Współudział w rosyjskiej agresji na Ukrainę radykalnie pogorszył sytuację białoruskiej gospodarki – ocenia Ośrodek Studiów Wschodnich. Według nich, władze w Mińsku nie zdołają zrekompensować olbrzymich strat finansowych wynikających m.in. z załamania eksportu do UE i utraty ukraińskiego rynku zbytu.
W I kwartale br. PKB Białorusi skurczył się o 0,4 proc. i był to pierwszy spadek tego wskaźnika od końca 2020 r. „Władze w Mińsku nie będą w stanie zrekompensować olbrzymich strat finansowych wynikających nie tylko z załamania eksportu do Unii, lecz także z utraty na wiele miesięcy (a być może nawet lat) równie istotnego ukraińskiego rynku zbytu” – stwierdził ekspert OSW Kamil Kłysiński.
Dodał, że konserwatywny w ocenach Bank Światowy prognozuje w tym roku obniżenie się białoruskiego PKB o 6,5 proc. A może nawet o 15 proc., według oceny agencji S&P.
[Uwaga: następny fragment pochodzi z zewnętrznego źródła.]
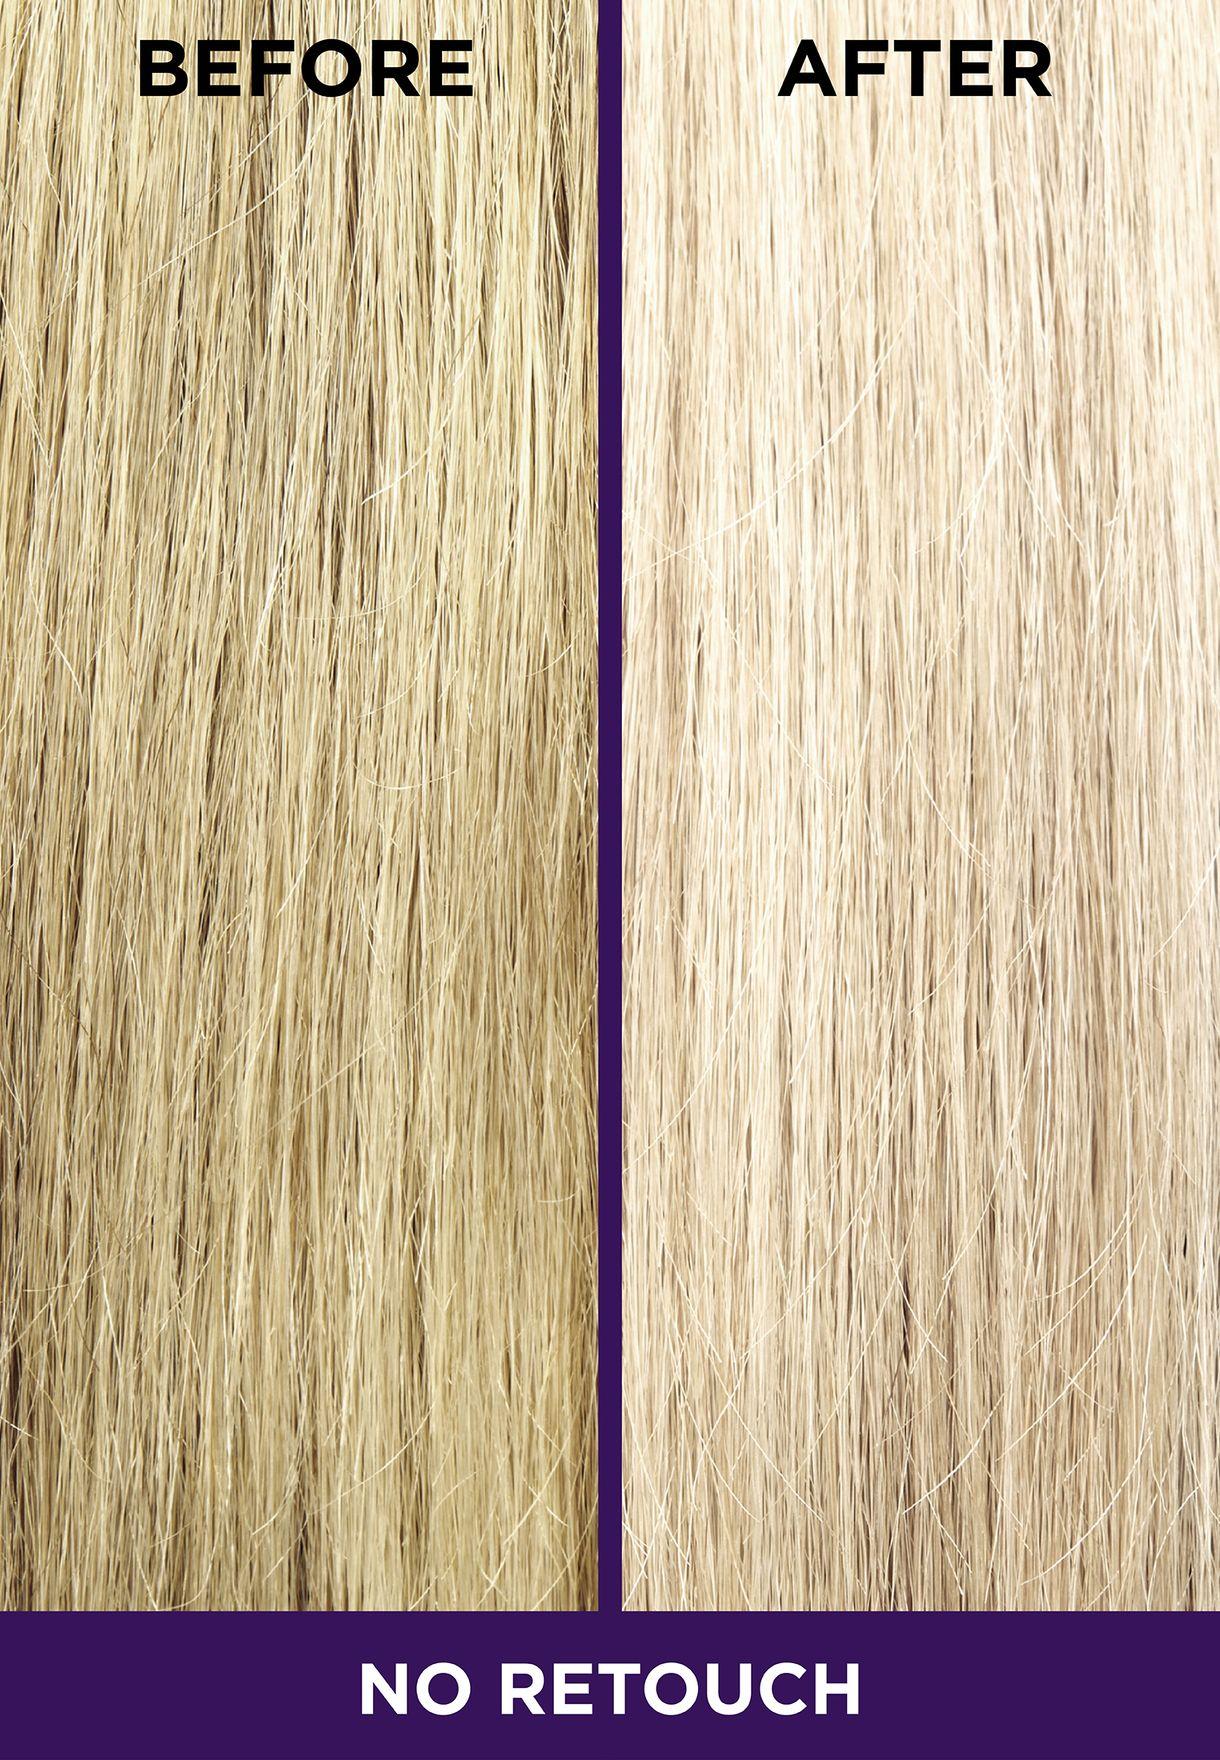 مجموعة شامبو وبلسم ايلفيف بوربل - فرشاة شعر مجانية
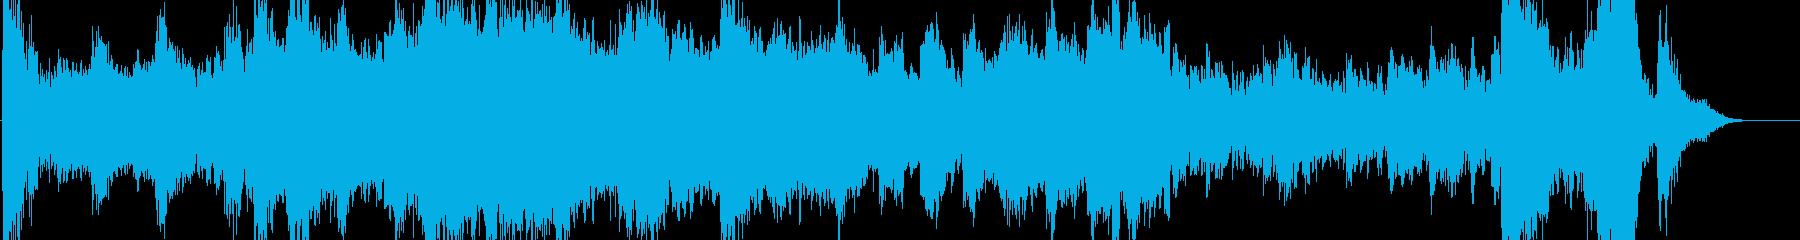 人間の住まぬ大陸の未来を描く幻想曲の再生済みの波形

Mińsk utracił w ostatnich tygodniach niemal wszystkie najbardziej dochodowe kategorie eksportu na rynki państw UE i Ukrainy. Państwo nie jest obecnie w stanie refinansować zadłużenia zagranicznego, co nie tylko skutkuje spadkiem rezerw walutowych, lecz także potęguje problemy z wypłacalnością – ocenił ekspert.
W tej sytuacji, Łukaszence pozostaje zawisnąć na klamce Kremle i szukać wsparcia Rosji. Spadek PKB o 3,3 proc., który odnotowano w marcu br., zakończył trwający od początku 2021 r. trend wzrostowy w białoruskiej gospodarce.
Kłysiński wskazał np. na problemy białoruskiego przemysłu rafineryjnego, „który jest kluczowy, obok potasu, dla dochodów z eksportu”. Rafinerie znajdujące się w Nowopołocku i Mozyrzu, zredukowały w I kwartale dzienny przerób o połowę, a ich produkcja trafia wyłącznie na znacznie mniej dochodowy rynek wewnętrzny. „Rocznie sprzedaż białoruskich paliw na rynkach zagranicznych przynosiła – w zależności od koniunktury cenowej – od 3 do 6 mld dol.” – dodał.
Ukraina była drugim po Rosji partnerem handlowym Mińska. Sprzedaż na jej rynki obejmowała do tej pory ponad 13 proc. handlu zagranicznego. „Kluczowe znaczenie miały paliwa, które stanowiły niemal 60 proc. białoruskiego eksportu na ukraiński rynek i były warte w ub.r. 2,9 mld dol.” – wyjaśnił ekspert.
Nic dziwnego, że dla osłabienia kryzysu władze w Mińsku zwróciły się do Rosji z prośbą o wsparcie gospodarcze. 14 marca strony porozumiały się w sprawie rezygnacji z rozliczeń w dolarach na rzecz rosyjskiego rubla za dostawy surowców energetycznych oraz co do obsługi białoruskiego długu wobec Rosji.